Multi-Organ Segmentation using Deep Neural Networks


In recent times, Deep Leaning (DL) has gained more attention in different domains, which includes, Computer Vision tasks, Image Processing, Autonomous Driving, and in Machine Vision applications. Complex Imaging tasks have been addressed with the help of Deep Convolutional Neural Networks (CNNs) by training on large datasets to predict the class, segment the region of interest, and to detect the changes over the time efficiently. The CNNs learn key features from the training data over the time. As a result, researchers have explored the use of CNN based methods on other imaging domains such as Medical Image Analysis and Segmentation, where better feature representation and precision are the most important factors in image analysis. However, more attention is needed towards Medical Imaging domain as the manual segmentation of a medical image is time consuming, which results in high cost, more delay in diagnosis, and misdiagnosis. In this research, we focus on automatic segmentation of the pancreas in computed tomography (CT) images, that helps the radiologists in assisting to identify the pancreatic tissue easily and diagnosis more patients in short amount of time. Automatic segmentation of Pancreas is a hard problem because of its high variability in shape, size and location [1]. Most of the time, the target occupies a small region (e.g., <0.5%) of the entire CT scan and less contrast variability between the region of interest and the background. As a result, the deep CNNs, such as FCN and other networks, find it difficult to segment the region of interest accurately. Therefore, this work is mostly concentrated on improving the automatic pancreas segmentation accuracy by using the Recurrent Residual U Net (R2U-Net) model [2]. Figure 1 shows a typical example from the National Institute of Health (NIH) dataset in three different views from left to right (x, y and z -axis).

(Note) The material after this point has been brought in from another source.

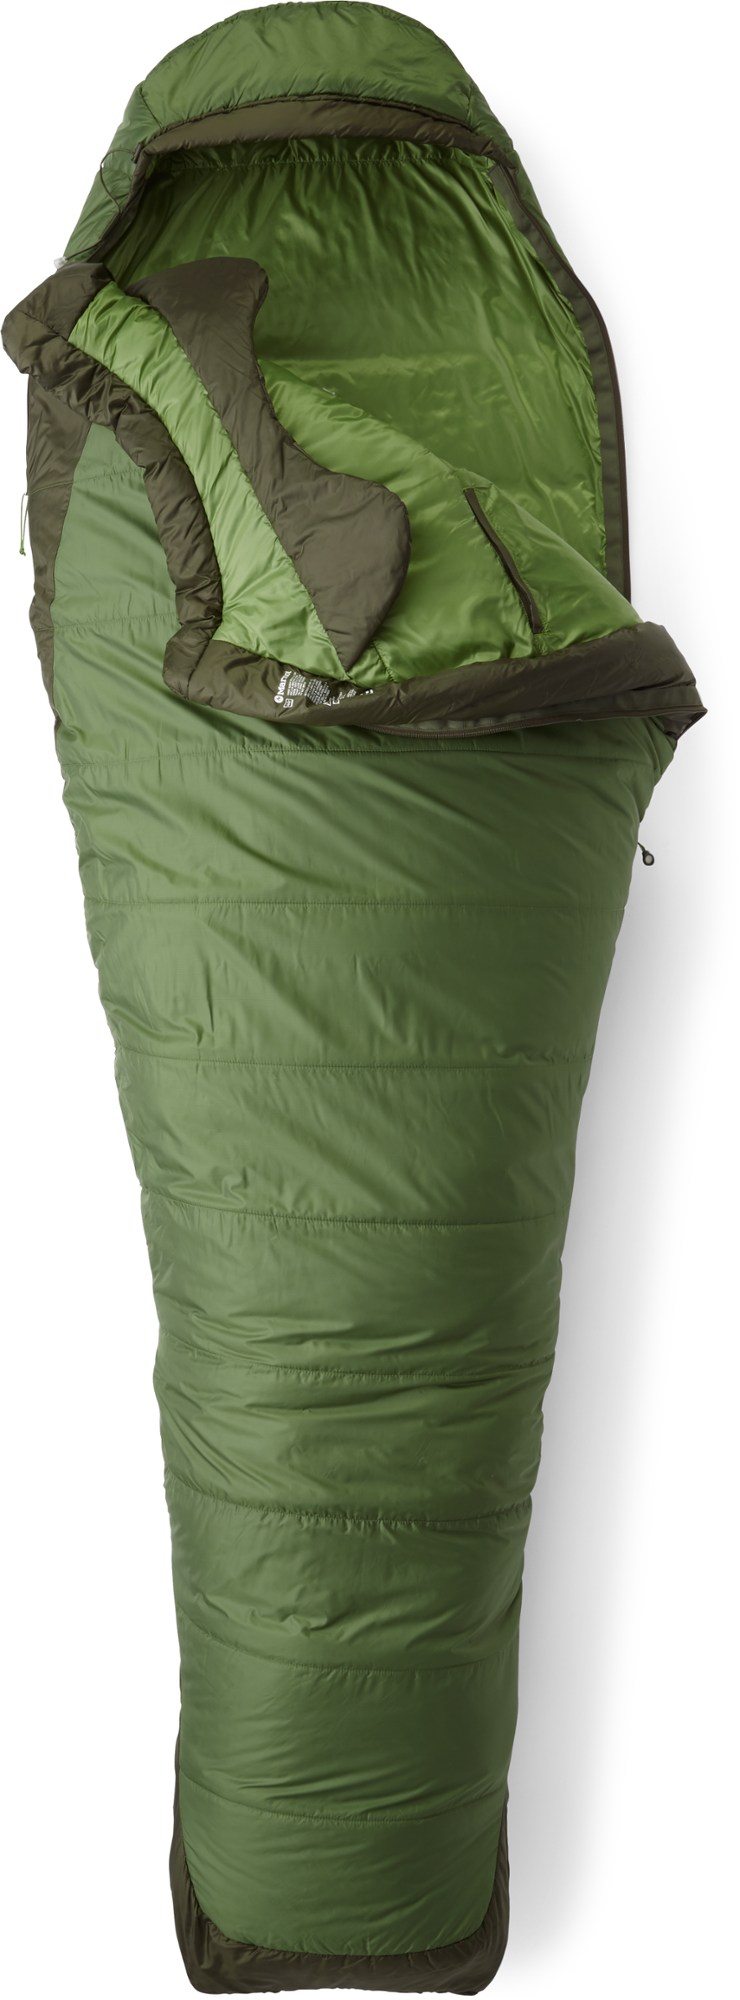 Спальный мешок Trestles Elite Eco 30 - мужской Marmot, зеленый

Figure 1. An example from the NIH pancreas segmentation dataset visualized in three views.

  • Accurate segmentation of the pancreas region in complex cases.
  • Design an end-to-end coarse-to-fine multi-organ segmentation model.
  • Build the model in generalized way so that it can adapt to segment multiple organs.

To segment the pancreas region with high accuracy, the architecture deals with multiple stages of training, called as coarse-to-fine [3] approach. The coarse and fine stages are trained with same R2U-Net model. The first stage (coarse-scaled model) takes the entire slice as an input and uses it to predict the initial region of the pancreas. The second stage (fine-scaled model) is only trained on the exact pancreas region by eliminating the background noise for accurate segmentation around the pancreas region. Figure 2 shows the flow chart of the entire architecture.

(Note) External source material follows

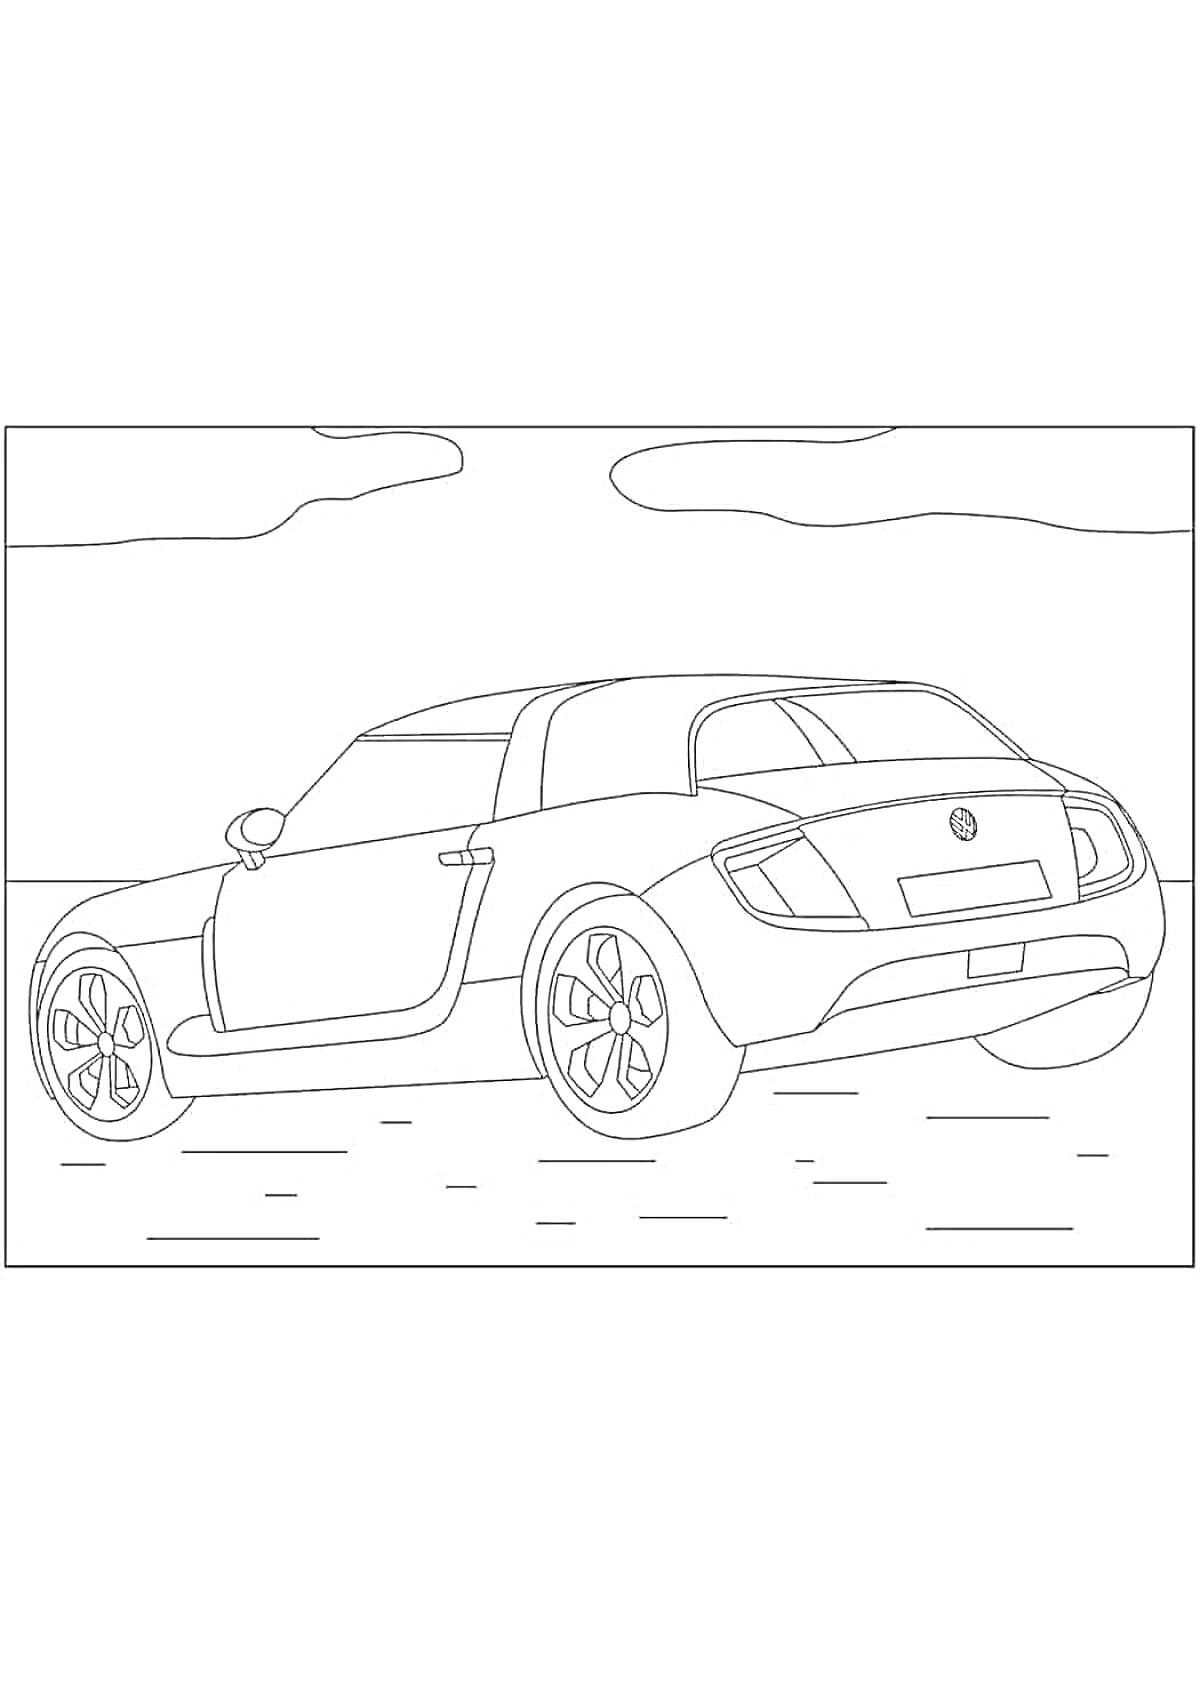 Раскраска Рисунок автомобиля Volkswagen с дорогой и облаками

Figure 2. Architecture of the coarse-to-fine models. The top row represents the coarse-scaled model and bottom row represents the fine-scaled model setup.

R2U-Net Architecture
To train the coarse and fine models, we used the R2U-Net architecture instead of the regular Convolutional Neural Networks (CNNs). The major advantages in using the R2U-Net is that the residual units are added with the forward model in the encoding and decoding units, which helps in training deep networks. Recurrent residual convolutions with multiple time steps are used for better feature representation for segmentation tasks. Figure 3 shows the architecture of the R2U-Net model and we refer to the original paper [2] to understand more about the model.

Figure 3. Architecture of the Recurrent Residual U-Net (R2U-Net) model.

The NIH pancreas segmentation dataset [1] is used to evaluate the model, which contains 82 contrast-enhanced abdominal CT scans. The database subjects were normal and have neither major abdominal pathologies nor pancreatic cancer lesions. Their ages range from 18 to 76 years with a mean age range from 46.8 to 52.4. The resolution of each CT scan is 512x512xL, where L  [181, 466] is the number of sampling slices along the z-axis. The slice thickness varies from 0.5mm to 1.0mm. We followed the standard cross-validation strategy, split the dataset into 4 fixed folds, each contains 20 cases. We trained the model on 3 out of 4 folds and tested on the remaining fold by measuring the Dice-Sorensen Coefficient (DSC) for each case.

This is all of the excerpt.